Allogeneic cellular products

Although not as commonplace as the use of autologous cells, a number of allogeneic cellular products are currently under clinical study. These products use donor cells or tissue from human donors to repair damaged cartilage and range from morselized tissue to transgenic cells engineered to secrete growth factors. Allogeneic cell sources limit the need for initial tissue biopsy, as is required with autologous therapies, but may cause an immune response. Allogeneic cellular products are usually regulated as biologics or combination products and, as such, require approval under a BLA in the same process as an autologous cellular product.

However, certain allogeneic cellular and tissue products fall beyond the scope of marketing application through the FDA. Cells, tissues, and tissue-based products that are minimally manipulated, used in a homologous fashion, have no systemic effects, and are not used in combination with other products are considered donor tissue and do not require a marketing application with clinical safety and efficacy data.[9] For example, morselized cartilage tissue is considered “minimally manipulated” and is regulated as graft tissue and not a biologic.

Injectable drugs

Drugs currently under development for the repair of cartilage are compounds developed to stimulate a repair response by a patient’s own joint tissue. Injectable compounds for cartilage repair are classified as drugs and regulated by the Center for Drug Evaluation and Research (CDER).[8] One exception is the case of viscosupplements, such as hyaluronic acid, that are not intended for cartilage repair but for viscosupplementation and symptom management; these products are regulated as devices through the Center for Devices and Radiological Health (CDRH). Approval of drugs requires a phased approach with separate dosing (phase I), smaller scale safety/probable effectiveness (phase II), and larger scale randomized safety and effectiveness studies (phase III). Each phase requires IND approval for commencement of these studies in the United States. Following the completion of phase III clinical trials, a NDA is submitted to CDER for review to determine product approval.

Devices

Devices for cartilage repair have been developed to fill cartilage defects and/or create a basis for self-repair, ranging from injectable substances that fill defects to scaffolds that support cartilage repair, with potential other procedures such as microfracture involved to create a cellular response for repair. As no class II devices are available for the treatment of articular cartilage defects, the 510(k) process is not applicable for these technologies. The general classification for devices intended to repair cartilage defects is class III (product code NCO), and class III devices must be approved through the Pre-Market Application (PMA) process.

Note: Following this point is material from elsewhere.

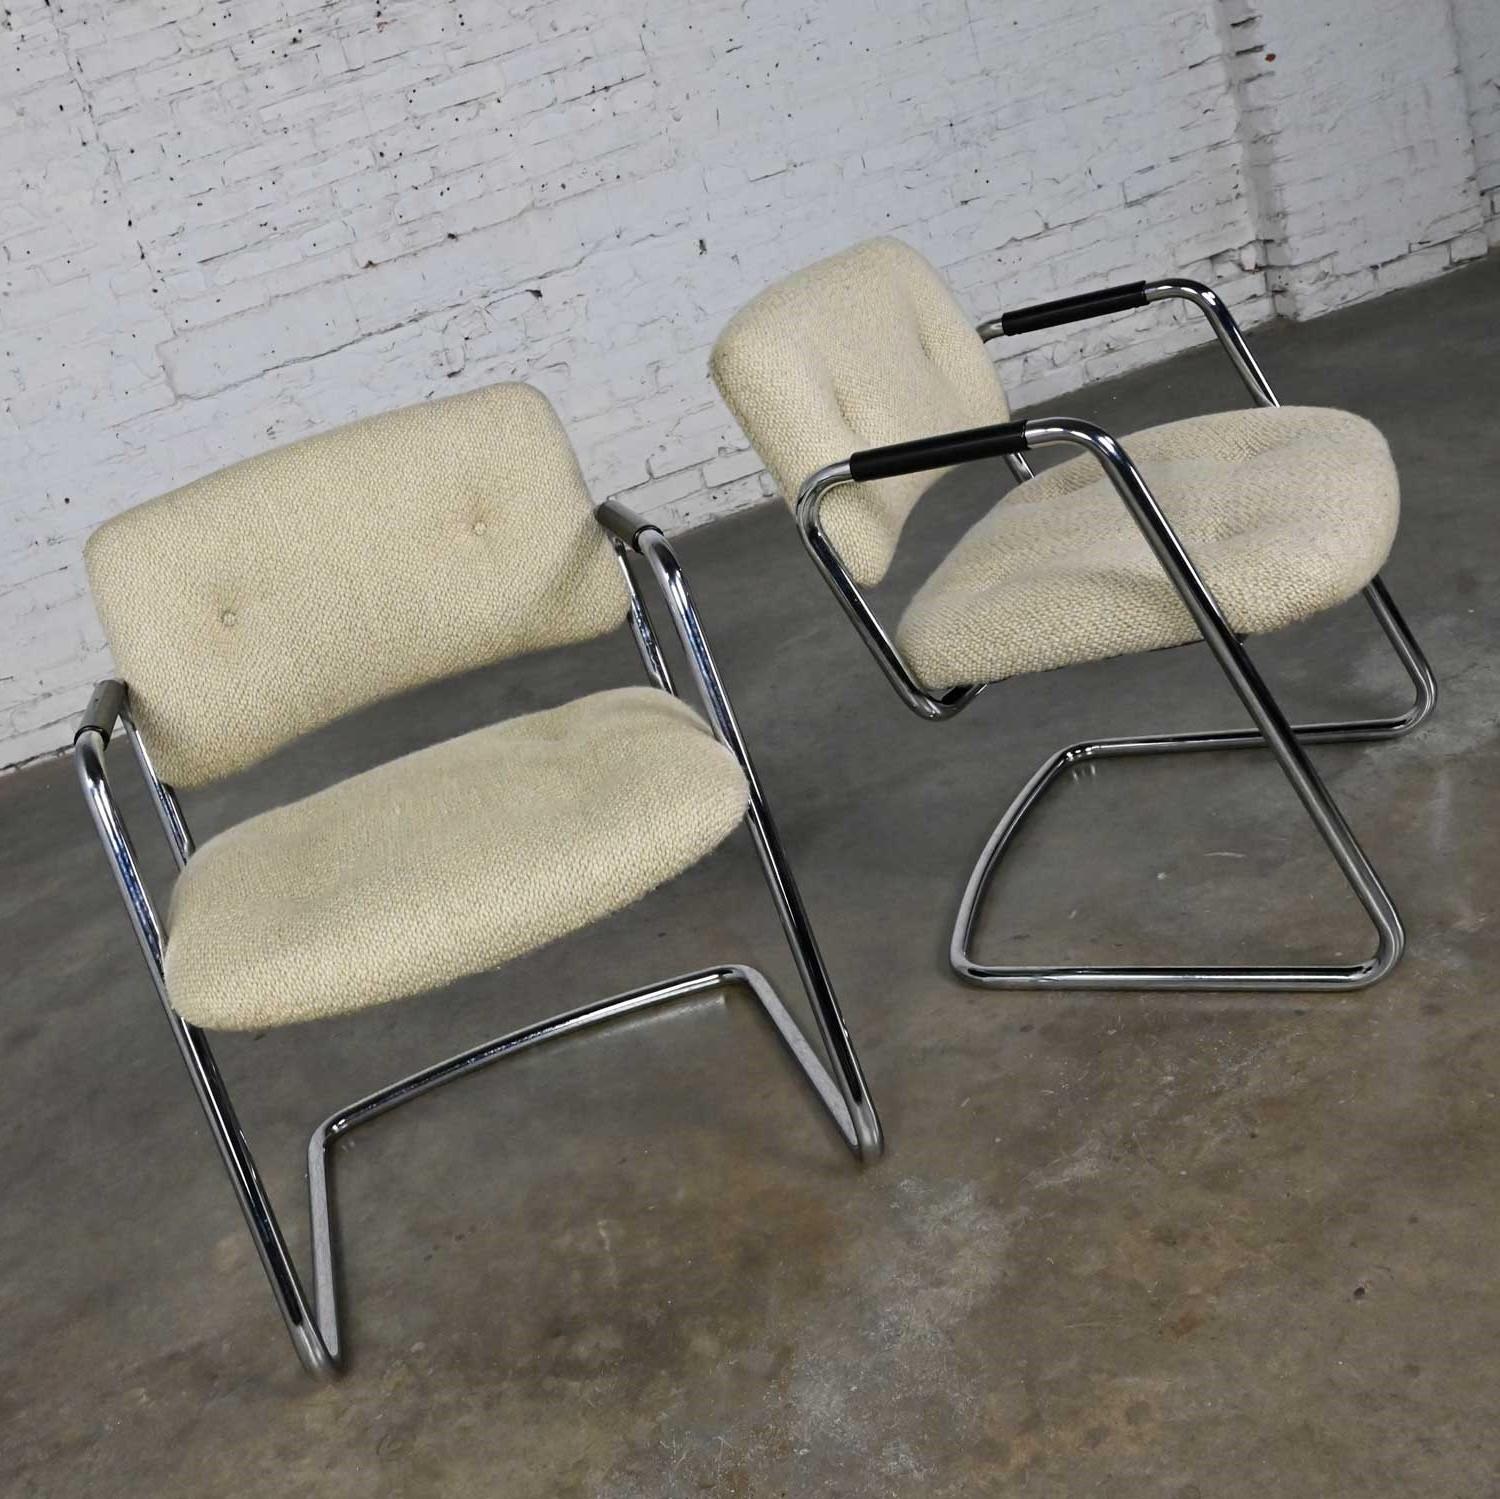 Fabulous vintage pair of modern chrome cantilever chairs with original oatmeal hopsacking and black plastic armrests by Steelcase labeled Model #421-482. Beautiful condition, keeping in mind that these are vintage and not new so will have signs of
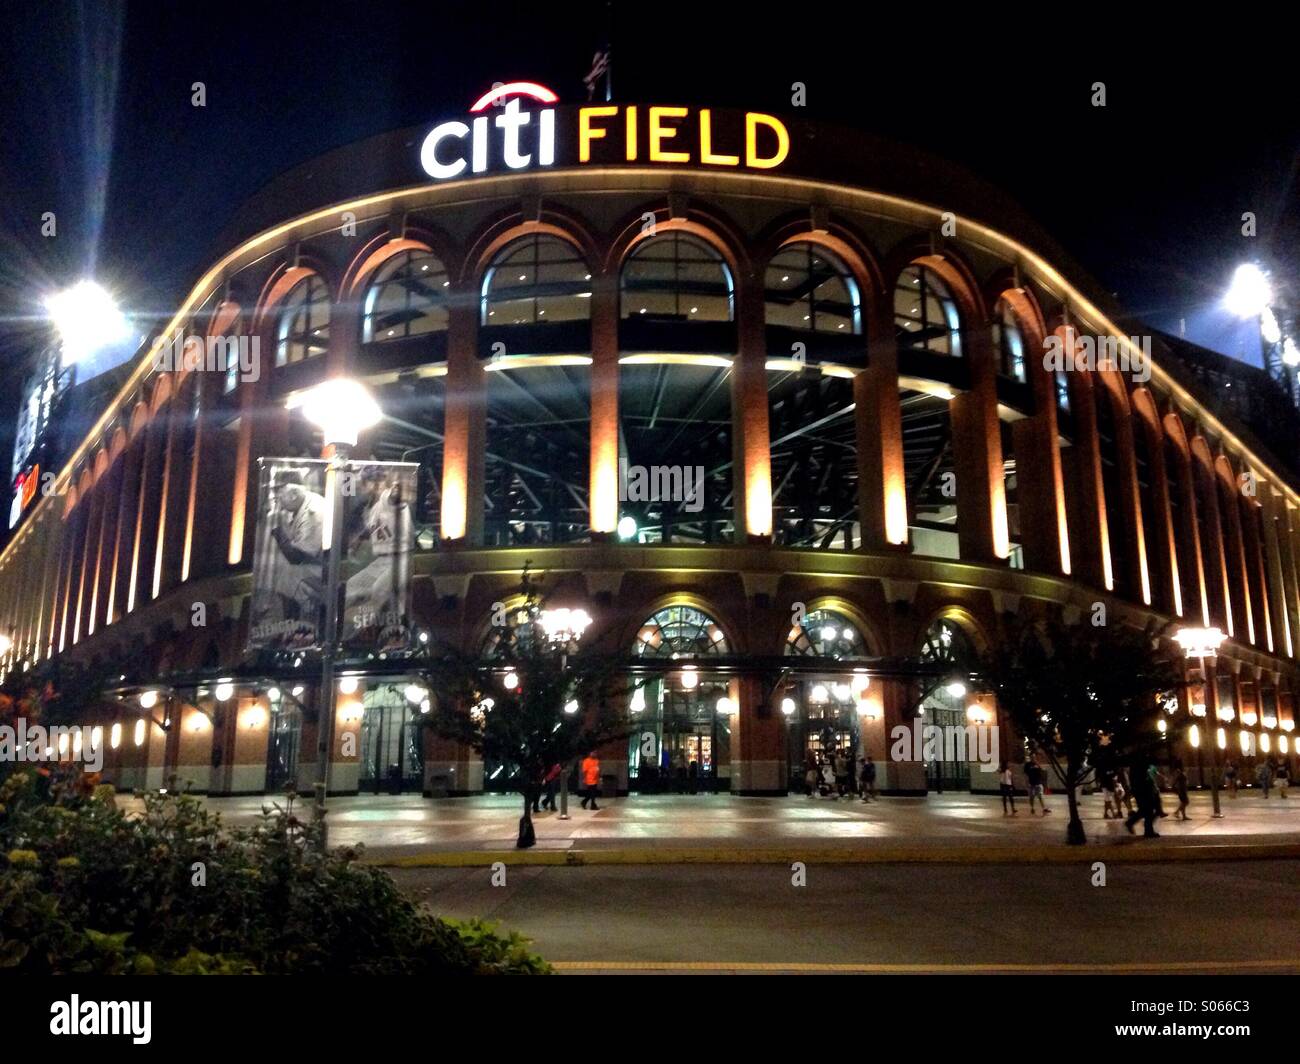 Citifield. Les Mets de New York. Flushing, New York. Banque D'Images

The PMA process requires demonstration of safety and effectiveness through clinical studies, usually with a comparison to a previously approved product or standard of care. The FDA will request that these clinical studies be performed in the United States under an Investigational Device Exemption (IDE), likely as a prospective randomized clinical trial with predefined endpoints. Following the completion of a pivotal IDE trial, a PMA is submitted to CDRH for review to determine product approval.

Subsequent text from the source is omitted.